Implementation of original LeNet5 Convolutional Neural Networks:
Gradient-based learning applied to document recognition
Y LeCun, L Bottou, Y Bengio, P Haffner
Proceedings of the IEEE 86 (11), 2278-2324
In [1]:
import torch
from torch.autograd import Variable
import torch.nn.functional as F
import torch.nn as nn
import pdb #pdb.set_trace()
import collections
import time
import numpy as np
import os
os.environ["CUDA_DEVICE_ORDER"]="PCI_BUS_ID"

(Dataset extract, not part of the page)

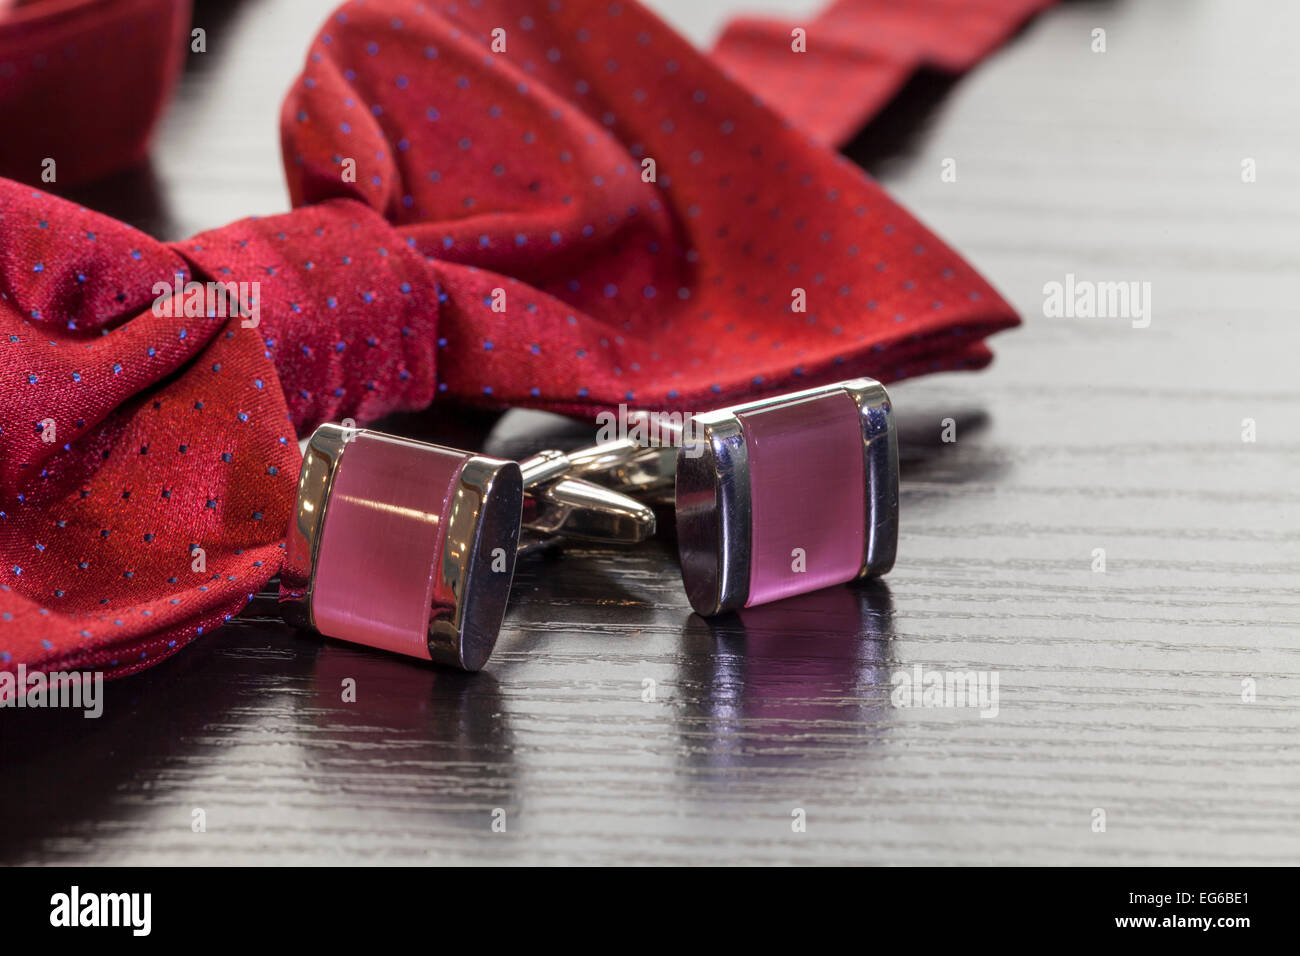 Bracciale in argento links e red bow tie Foto Stock

os.environ["CUDA_VISIBLE_DEVICES"]="0"
if torch.cuda.is_available():
print('cuda available')
dtypeFloat = torch.cuda.FloatTensor
dtypeLong = torch.cuda.LongTensor
torch.cuda.manual_seed(1)
else:
print('cuda not available')
dtypeFloat = torch.FloatTensor
dtypeLong = torch.LongTensor
torch.manual_seed(1)
In [2]:
from tensorflow.examples.tutorials.mnist import input_data
mnist = input_data.read_data_sets('datasets', one_hot=False) # load data in folder datasets/
train_data = mnist.train.images.astype(np.float32)
val_data = mnist.validation.images.astype(np.float32)
test_data = mnist.test.images.astype(np.float32)
train_labels = mnist.train.labels
val_labels = mnist.validation.labels
test_labels = mnist.test.labels
print(train_data.shape)
print(train_labels.shape)
print(val_data.shape)
print(val_labels.shape)
print(test_data.shape)
print(test_labels.shape)
In [3]:
# class definition
class ConvNet_LeNet5(nn.Module):
def __init__(self, net_parameters):
print('ConvNet: LeNet5\n')
super(ConvNet_LeNet5, self).__init__()
Nx, Ny, CL1_F, CL1_K, CL2_F, CL2_K, FC1_F, FC2_F = net_parameters
FC1Fin = CL2_F*(Nx//4)**2
# graph CL1
self.conv1 = nn.Conv2d(1, CL1_F, CL1_K, padding=(2, 2))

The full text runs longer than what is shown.